A Hersham golf club welcomed back one of the employees who worked in the requisitioned clubhouse during World War II.

Martin Aitchison created diagrams and artwork for handbooks designed by Sir Barnes Wallis, who developed the bouncing bombs in Burhill Golf Club’s premises.

When only a few people understood Wallis’s plan of the bomb, Mr Aitchison created an artistic impression of how it would work, shedding layers as it skimmed off the heavily protected surfaces protecting Germany’s powerhouse dams in the Ruhr valley.

Mr Aitchison, 94, said: “I never felt under pressure from work, but everything we worked on was top secret. Occasionally the tea lady would take an interest in one of my drawings, so we had to make up elaborate stories about what they were for.”

He returned to the site for the BBC’s coverage of the 70th anniversary of Operation Chastise, known as the Dambusters raid.
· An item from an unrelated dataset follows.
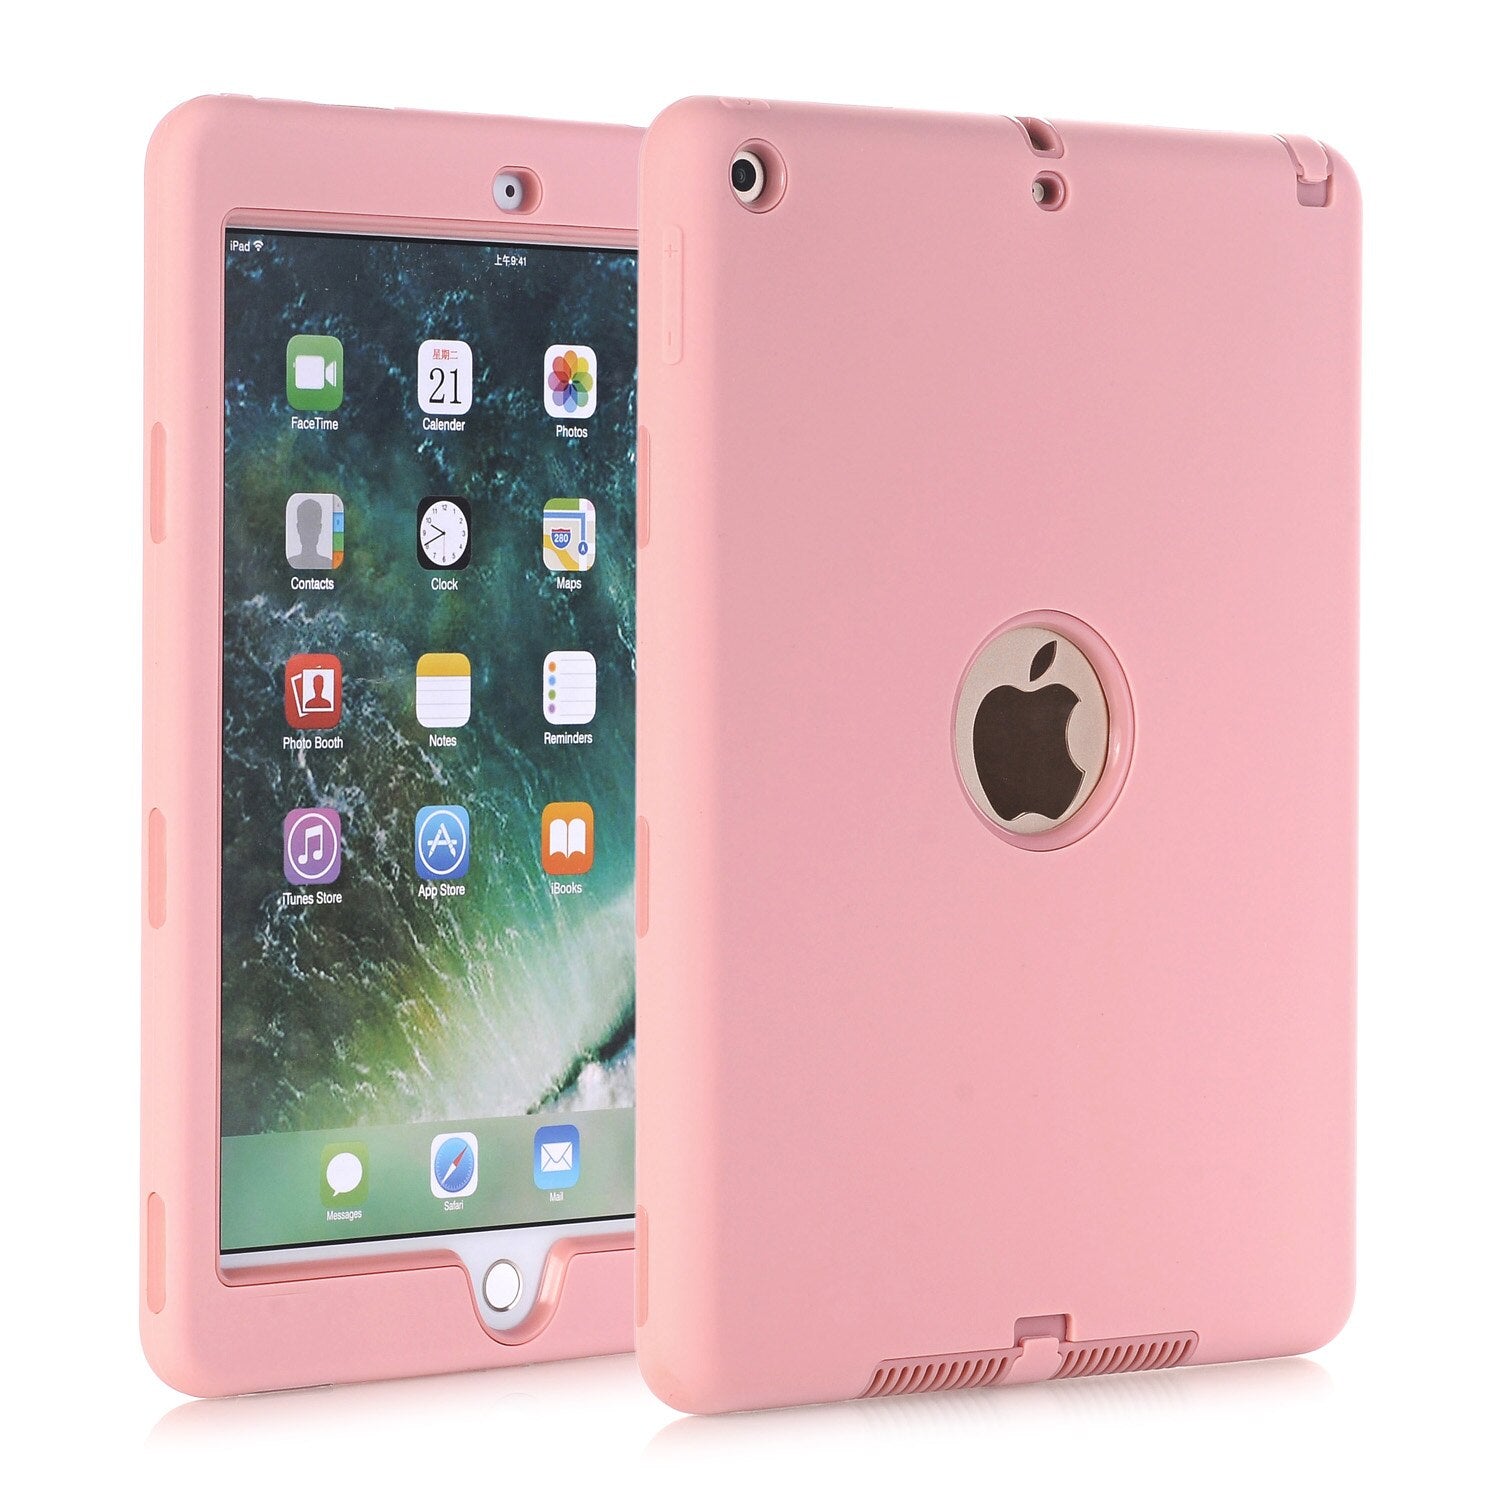 Cases For New iPad 9.7" 2017 (A1822/A1823),High-Impact Shockproof 3 Layers Soft Rubber Silicone+Hard PC Protective Cover Shell - 200001091 Rose Gold / United States Find Epic Store
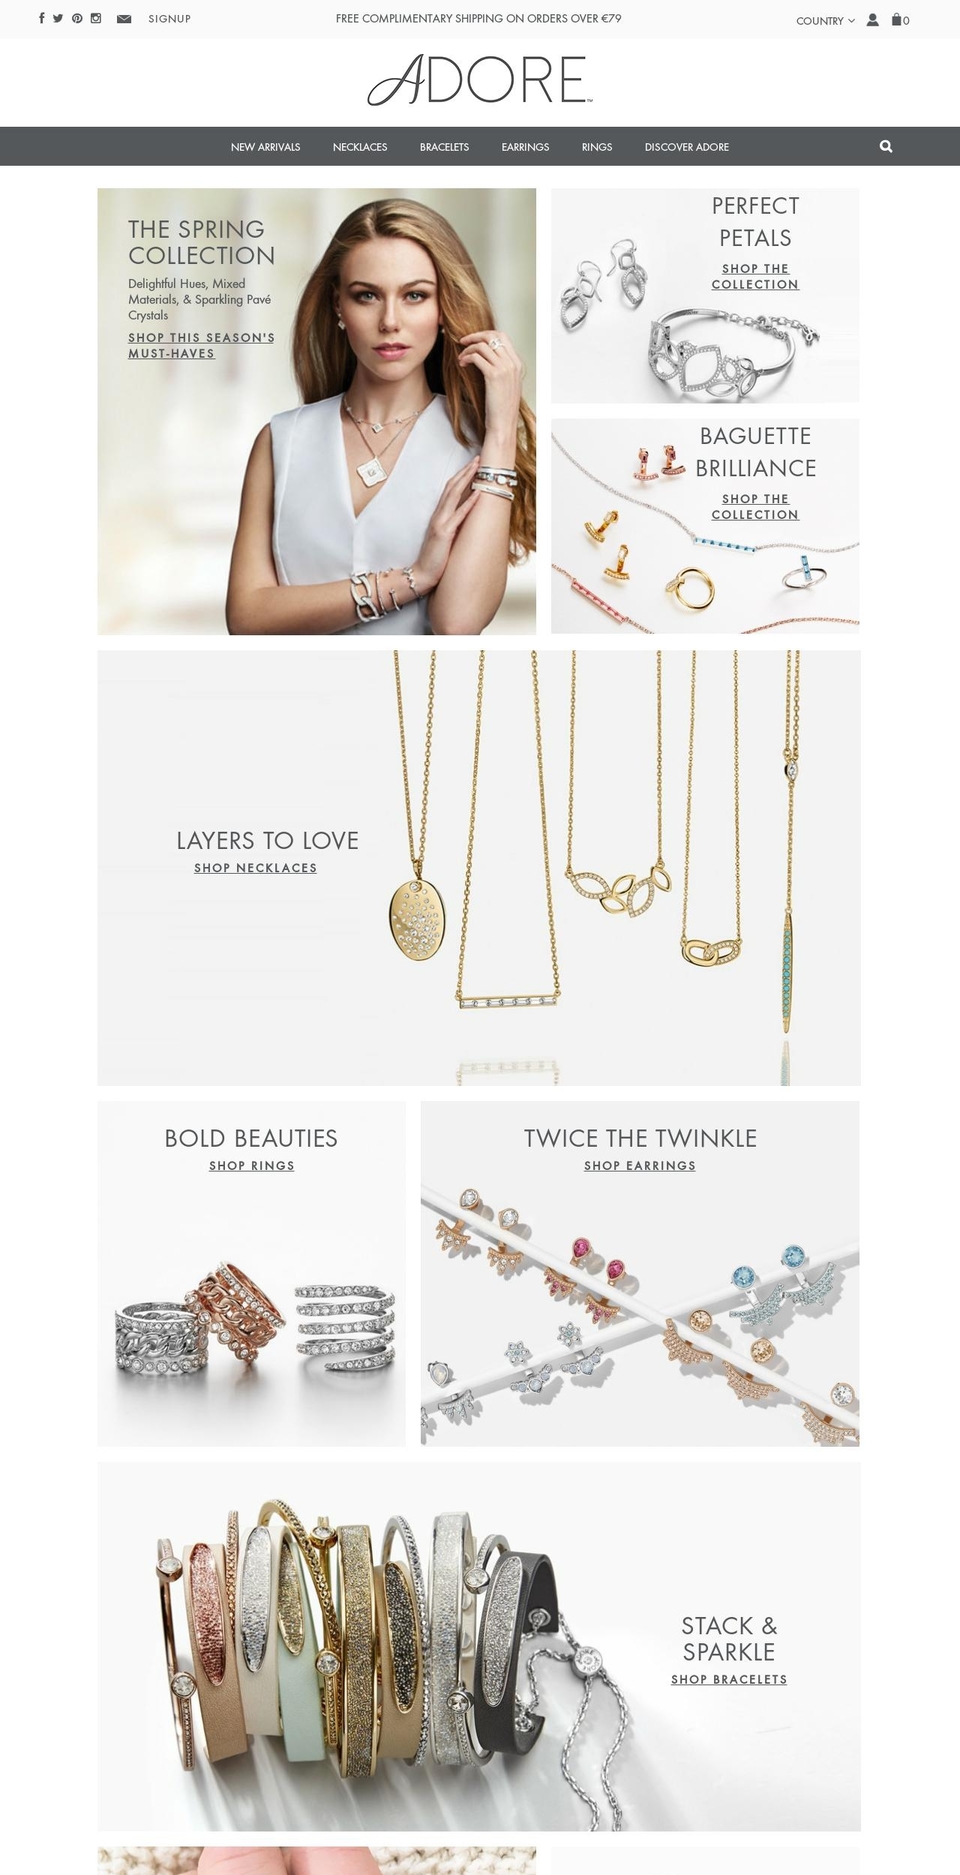 January Refresh Shopify theme site example moretoadore.in

Due to his deafness, Mr Aitchison never served in the military but worked with Wallis and 300 others at the clubhouse.

He had wanted to use his talent for drawing to become an engineer, but lacked the mathematical knowledge.

After the war ended, he became an artist, working for The Eagle comic and Ladybird books.

The club’s general manager David Cook said: “It is too easy to forget what work took place here as recently as 70 years ago, and it’s humbling to be in the presence of someone who was part of such an important and well-known operation.”